Now is the time to start thinking like a hamster. Hamsters like to curl up in small spaces. They also like to hide under things. Some ideal hiding spots for your hamster are:

  • Shoes. If any shoes are left out, they love to crawl in them.
  • Closets. Open the closet doors and start rummaging through. Use a flashlight if necessary.
  • Kitchen appliances. Look under the stove, the fridge, and anything else the hamster could crawl under.
  • Furniture. Hamsters enjoy hiding under couches, futons, beds, dressers, entertainment centers, and so. Also, check to make sure your hamster did not somehow figure out how to crawl into the cushions or into a pillow case.
  • Boxes. If you have shoe boxes or other small boxes your hamster could crawl inside, check those out.
  • Blankets. Hamsters enjoy crawling under blankets. It's cozy—can you blame them?
  • Bathrooms. Some hamsters are obsessed with the bathroom. This is especially the case if you have a lot of nice-smelling shower gels, perfumes, etc.
  • Heaters. If you have a heater a hamster could easily get inside, and the heater is not too hot, there is a chance your hamster is in there. Use a flashlight for your search and pull the heater apart, if possible.
  • Basements. You might find it dark and creepy, but a hamster doesn't mind the dark. If you have a basement, you should check it out.

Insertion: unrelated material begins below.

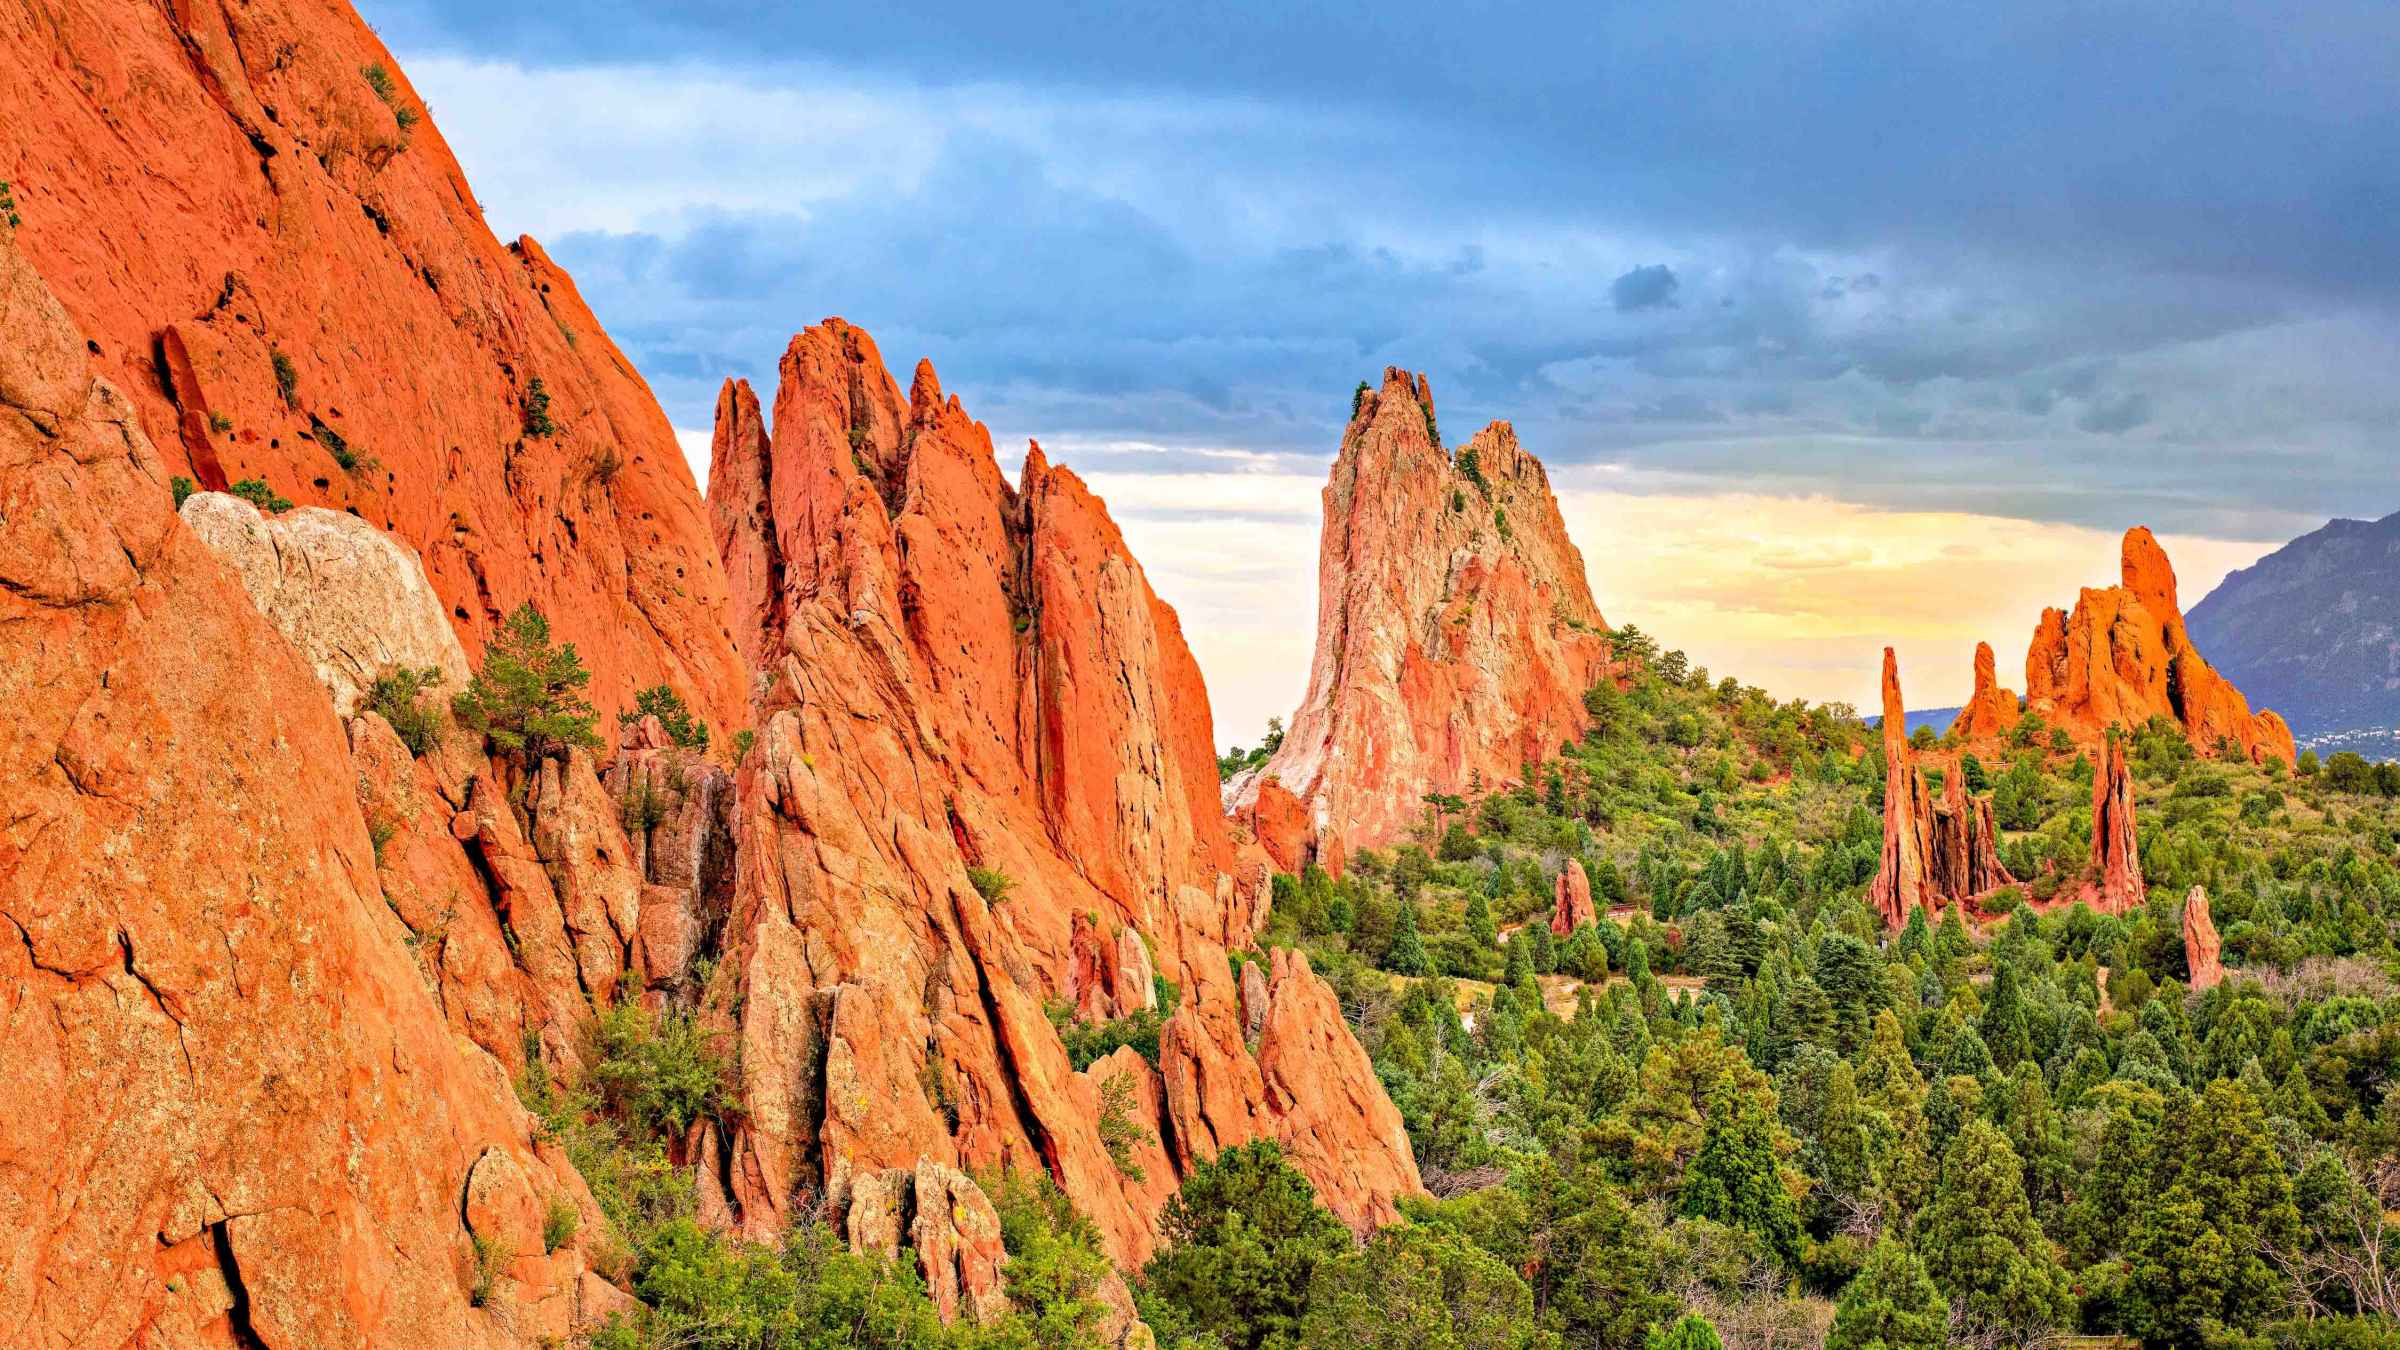 Colorado Springs 2021: Top 10 Tours & Activities (with Photos) - Things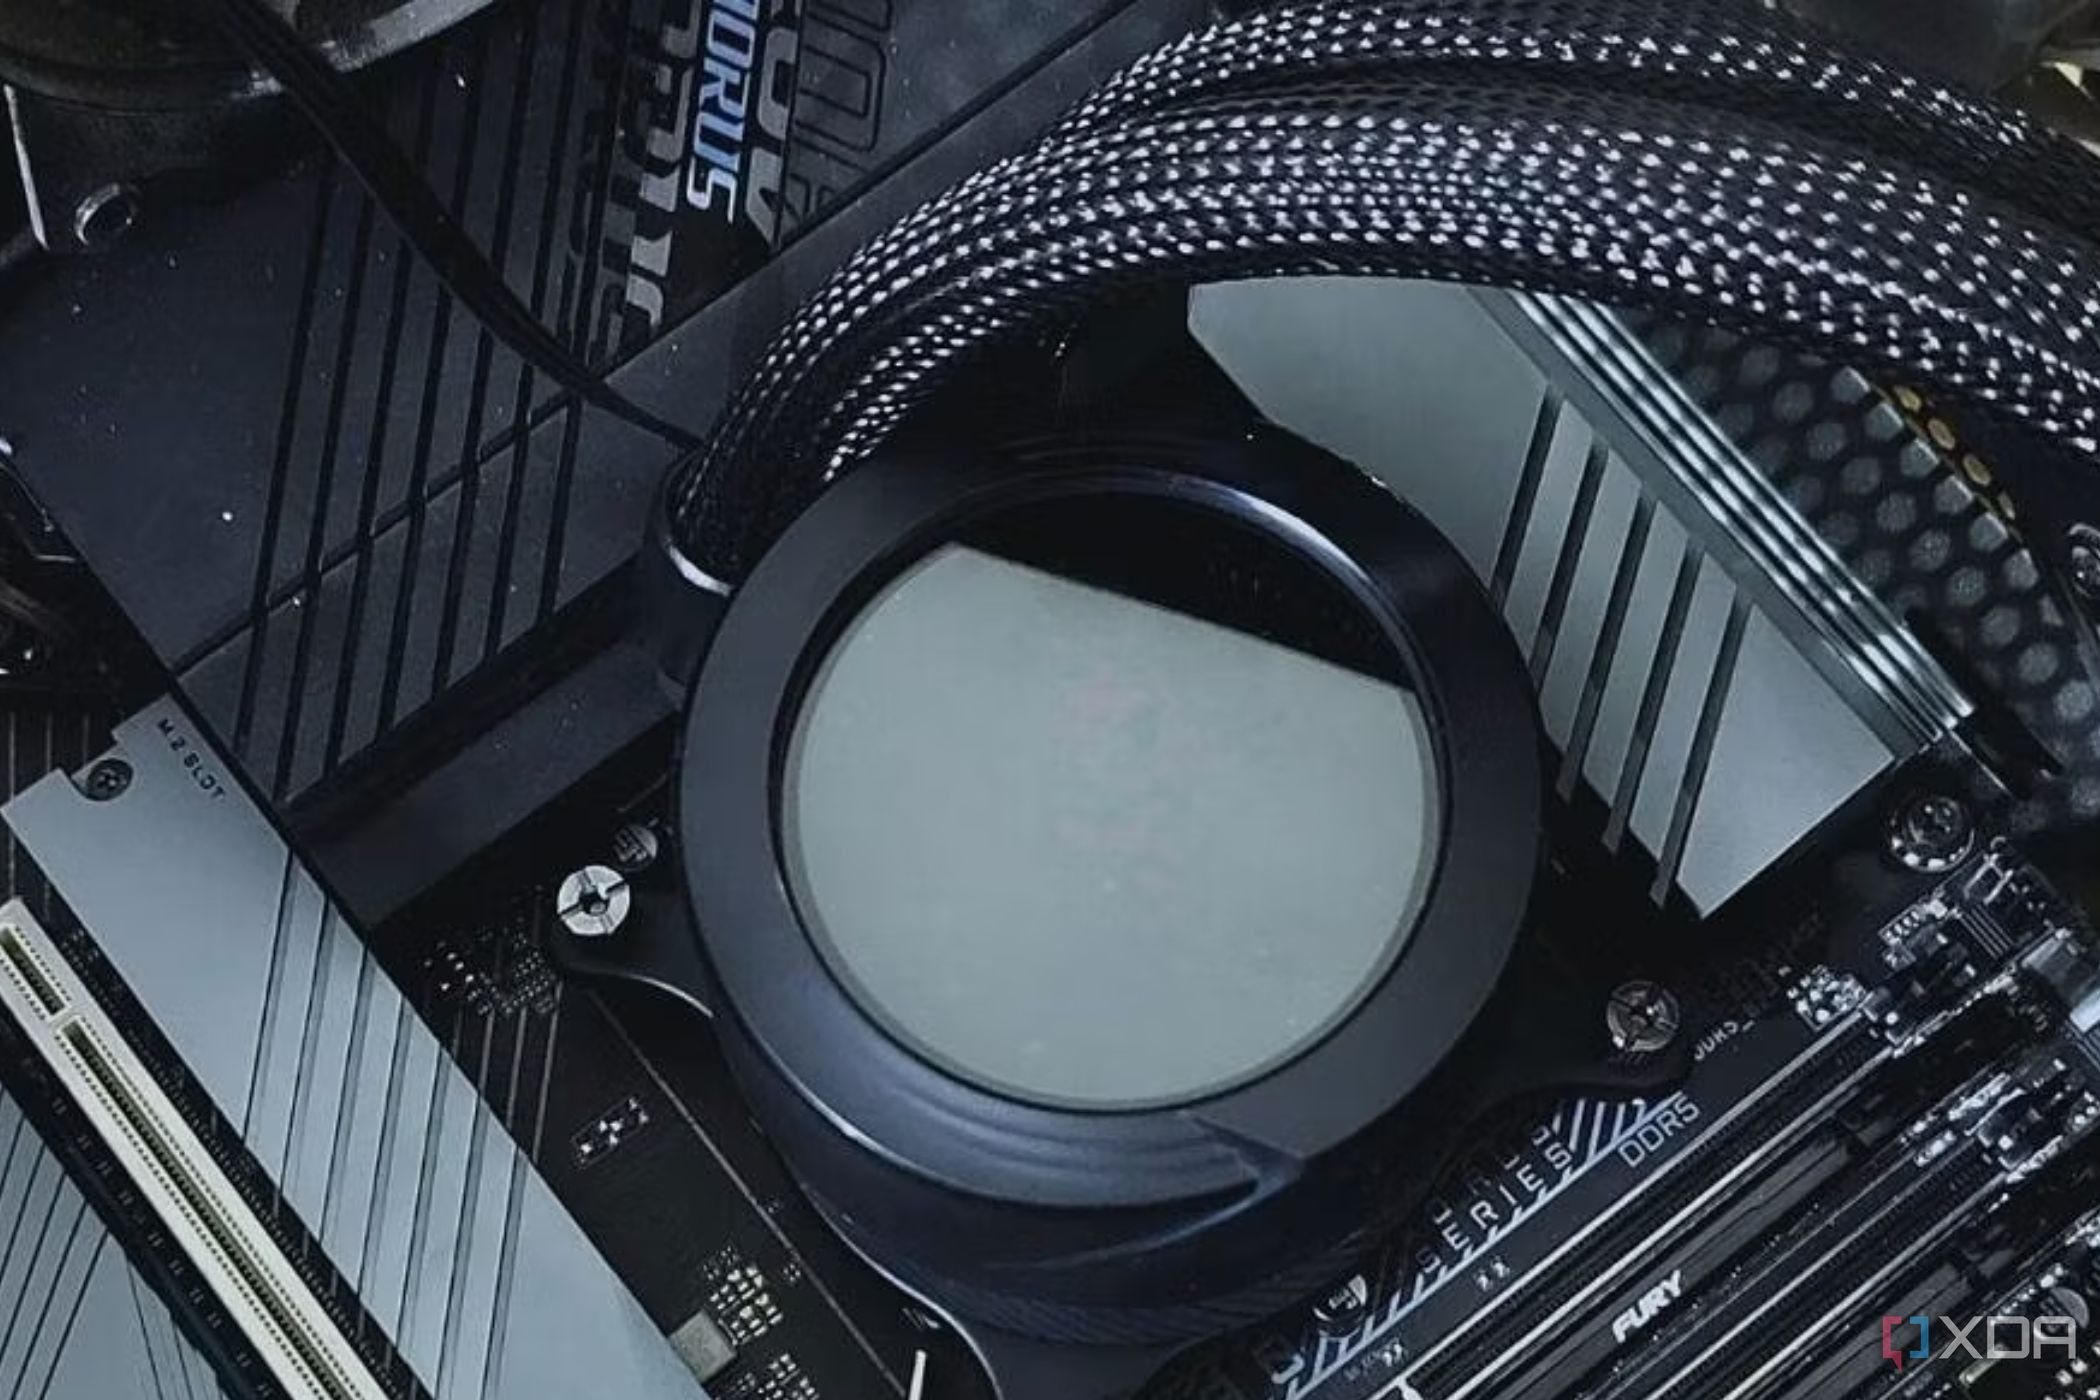 An image showing a liquid cooler waterblock mounted on a motherboard.

What to Do When You Can't Find Your Hamster

If you've pretty much torn your home apart looking for your hamster, but you still can't find her, it can be very frustrating. It is still not a good idea to panic, but if you have an outburst of tears, don't feel so bad. It happens sometimes. Even if you haven't found her, chances are, she is still somewhere close by. Some hamsters will make a lot of noise when they escape, and that helps a lot. Other hamsters are so quiet, you can hear a pin drop.

Entice Your Pet to Come Home

At this point, you need to make it inviting for your hamster to reappear. If you have other animals, try putting them in one room you are certain the hamster couldn't be hiding in, or put them in carriers if possible. Next, put the hamster's cage on the floor in the area where your hamster's cage normally sits. Open the cage door and put some of the hamster's favorite snacks right outside the door. Eventually, your hamster will get hungry, thirsty, or tired. She is likely to go back to what she knows.

Alert Your Family (and Possibly Neighbors)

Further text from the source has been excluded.